## Problem details
From the material below, set down exactly the lines that run from the one containing "Раскраска Котик на" to the one containing "Цветы на месте", minus the pictures.
═════ Information shown ═════
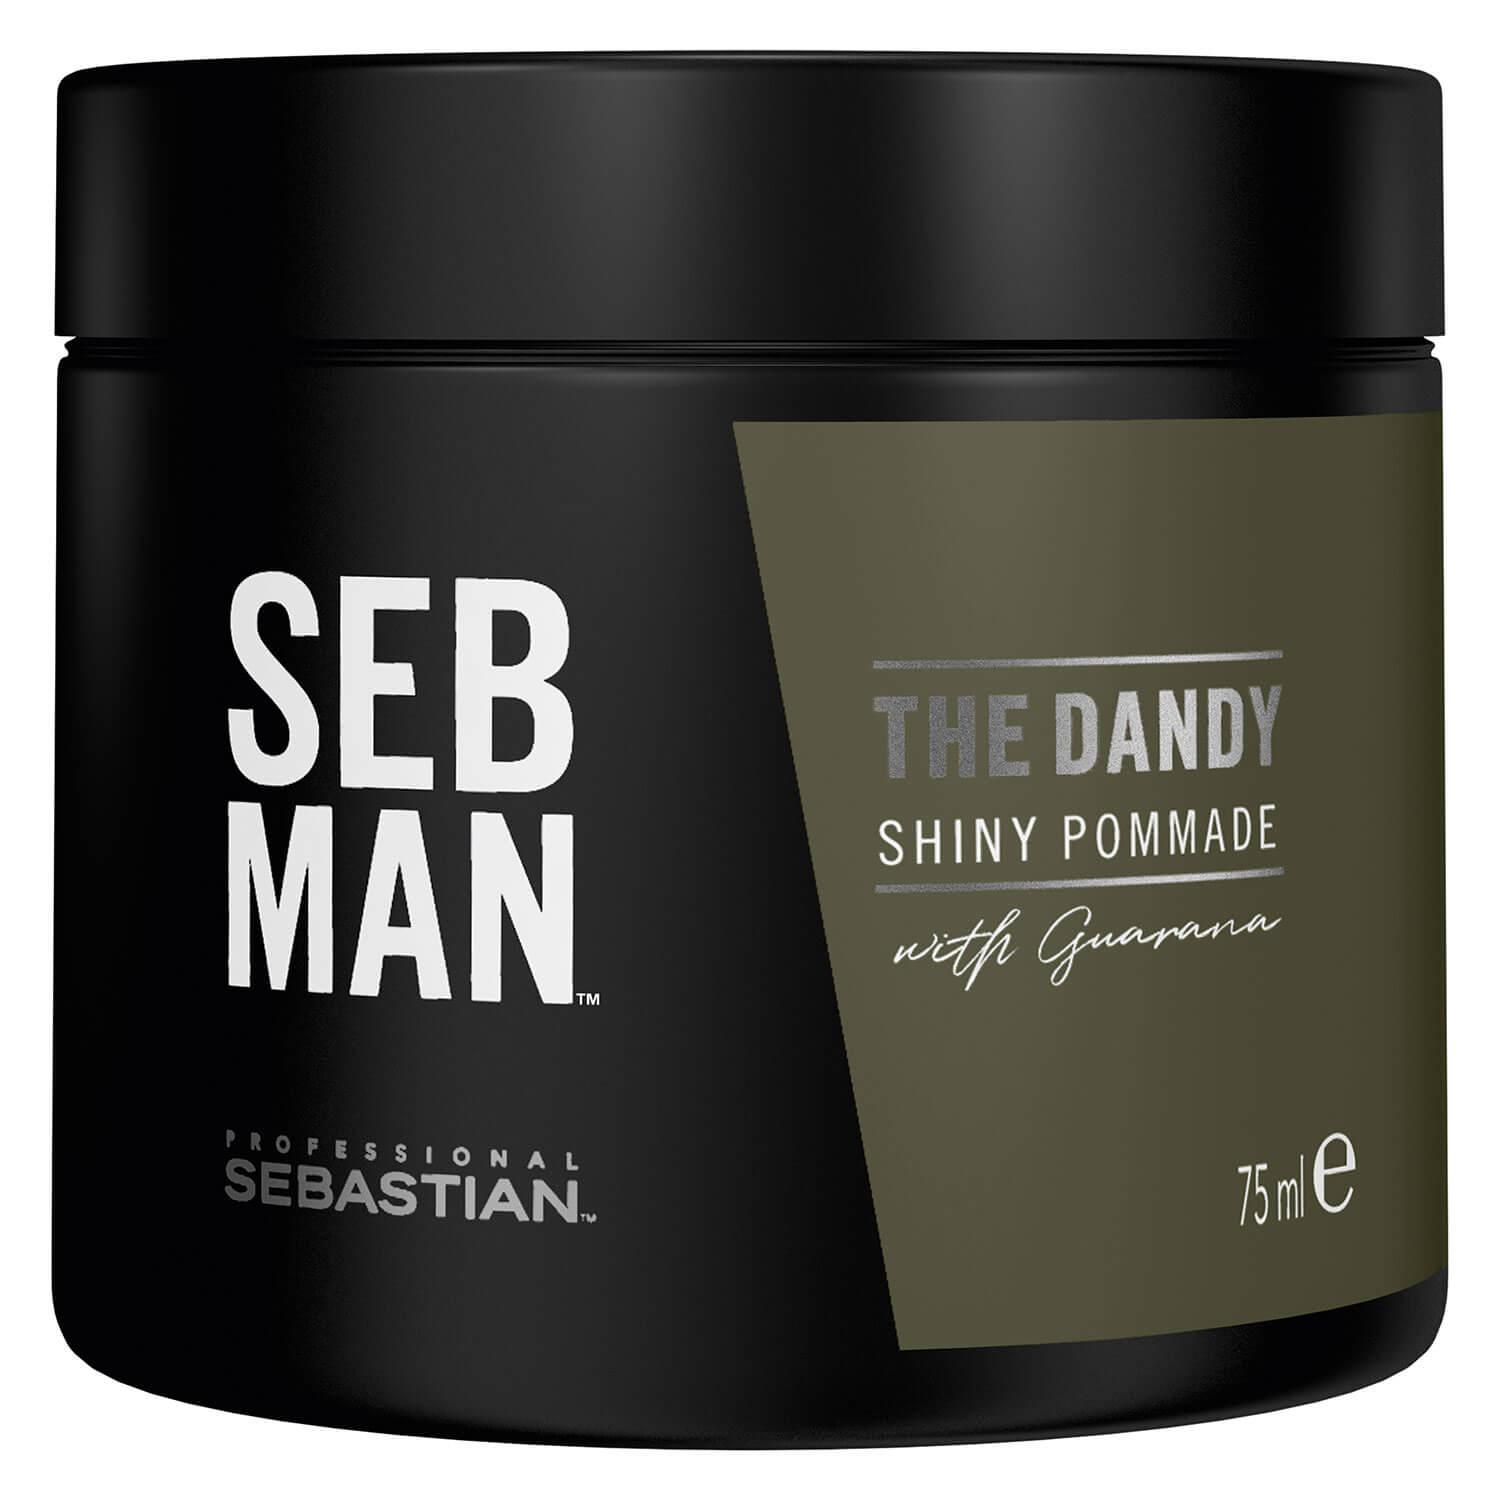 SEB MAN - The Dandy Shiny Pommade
═════
═════ Information shown ═════
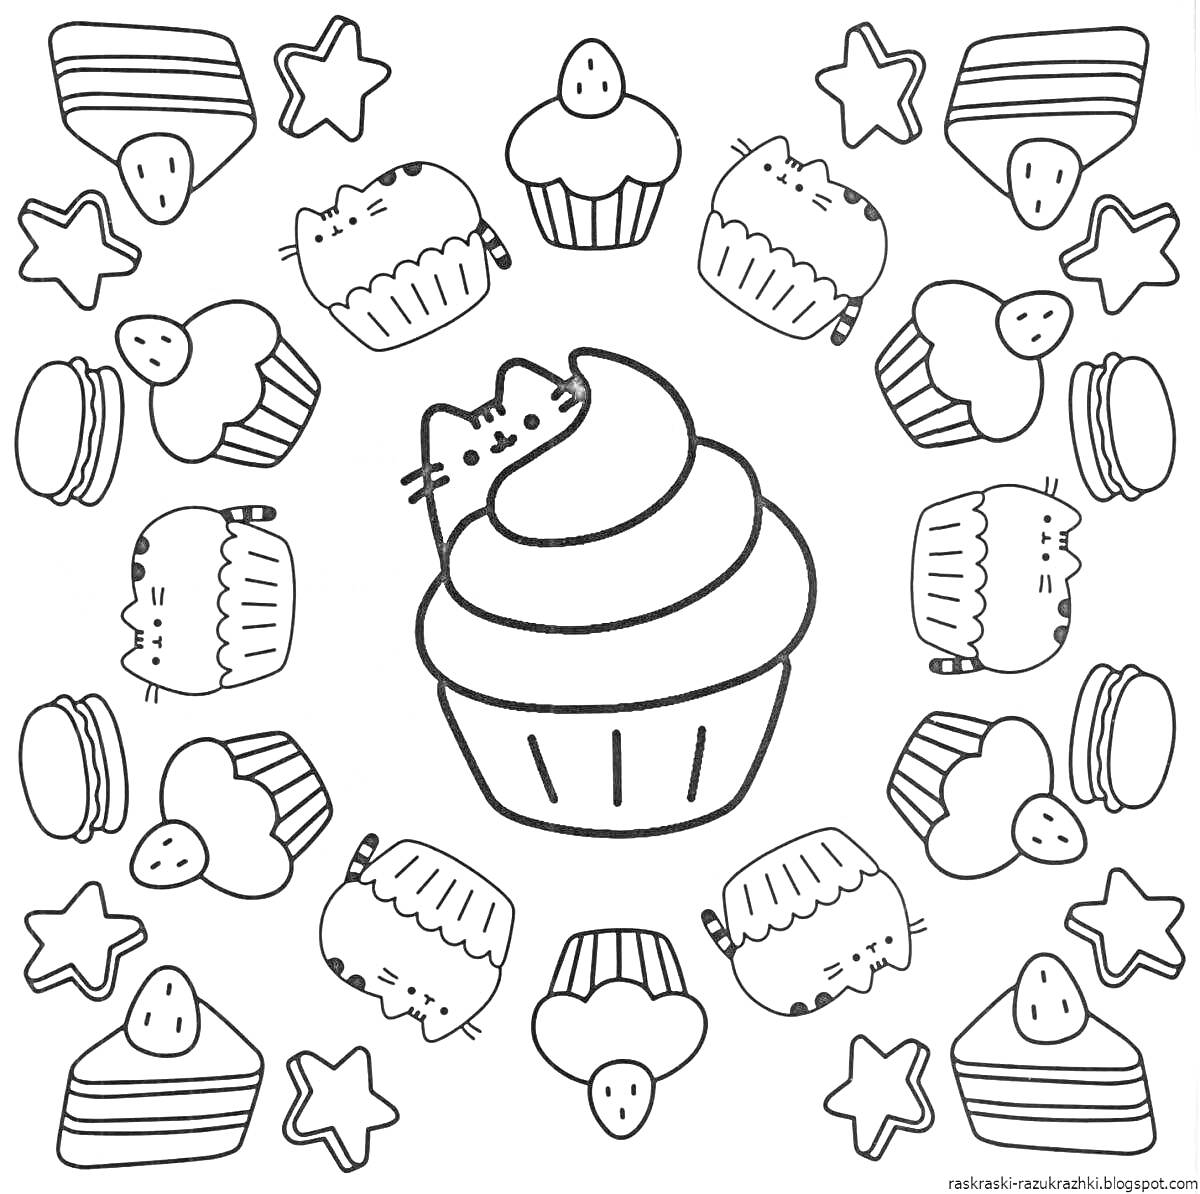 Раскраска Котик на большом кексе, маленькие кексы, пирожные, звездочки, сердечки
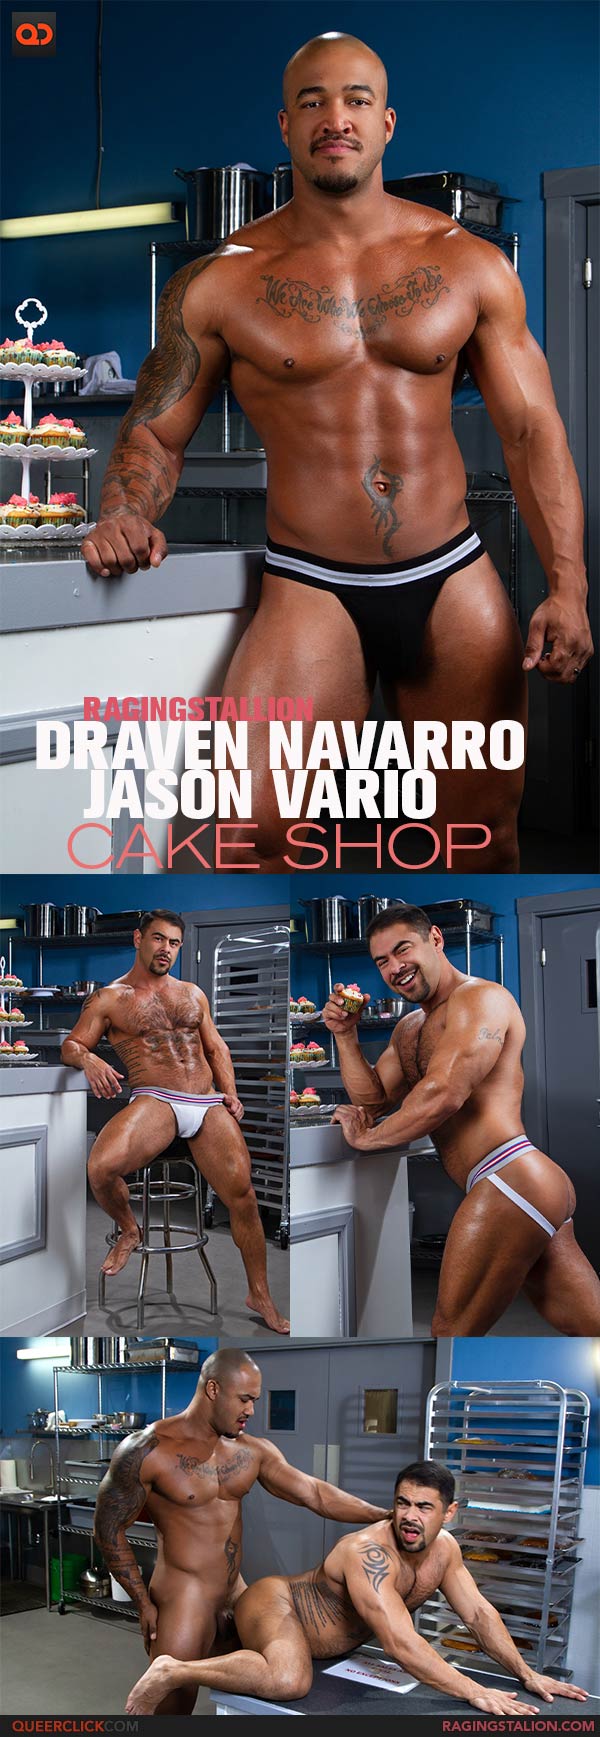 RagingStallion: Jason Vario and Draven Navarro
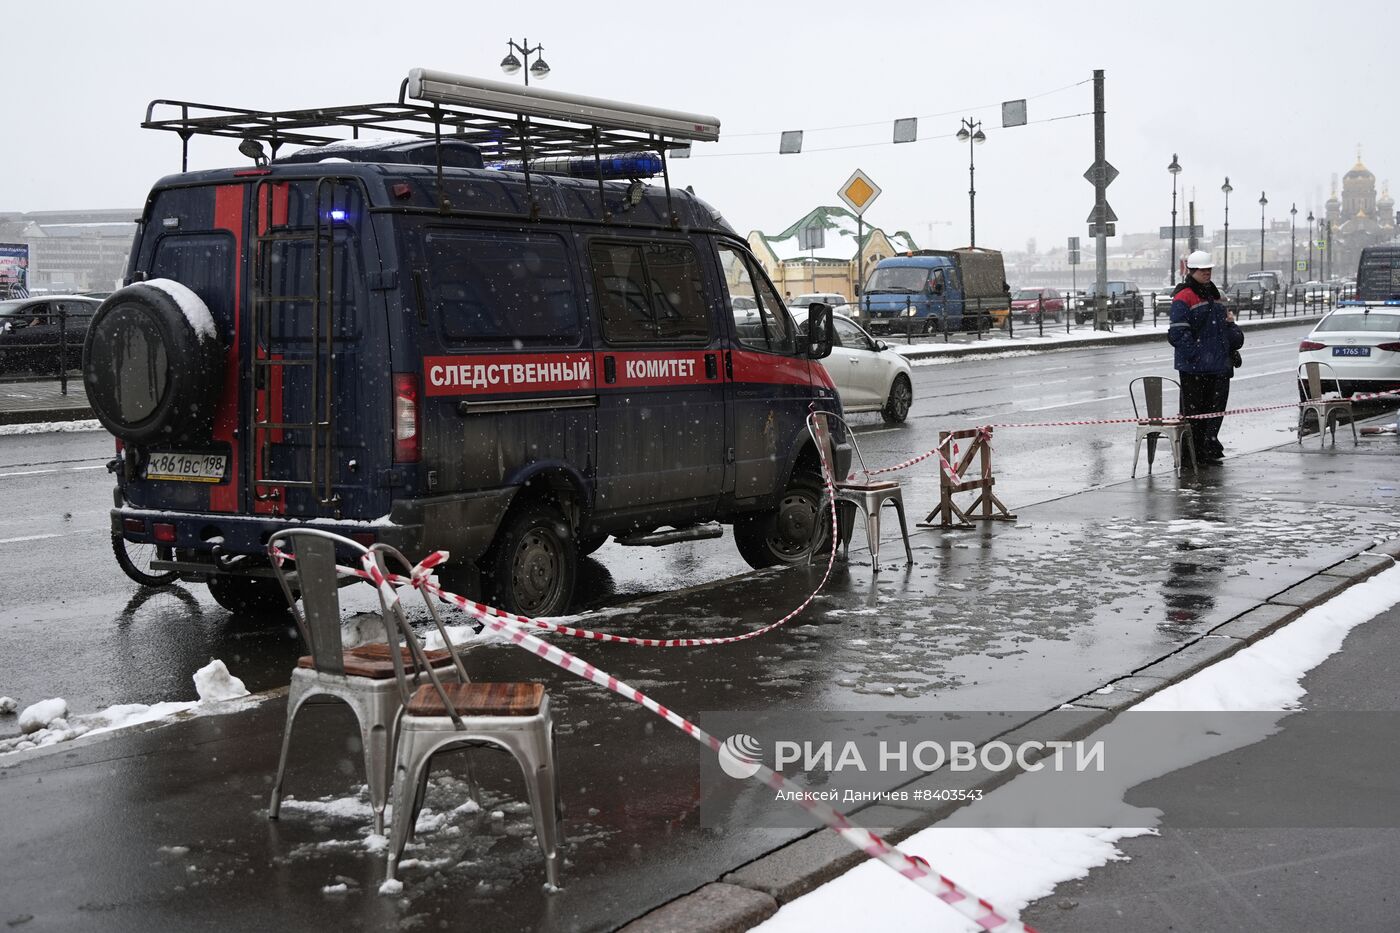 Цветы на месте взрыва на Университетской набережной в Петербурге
═════
## Problem solution
 Раскраска Котик на большом кексе, маленькие кексы, пирожные, звездочки, сердечки
 RagingStallion: Jason Vario and Draven Navarro
 Цветы на месте взрыва на Университетской набережной в Петербурге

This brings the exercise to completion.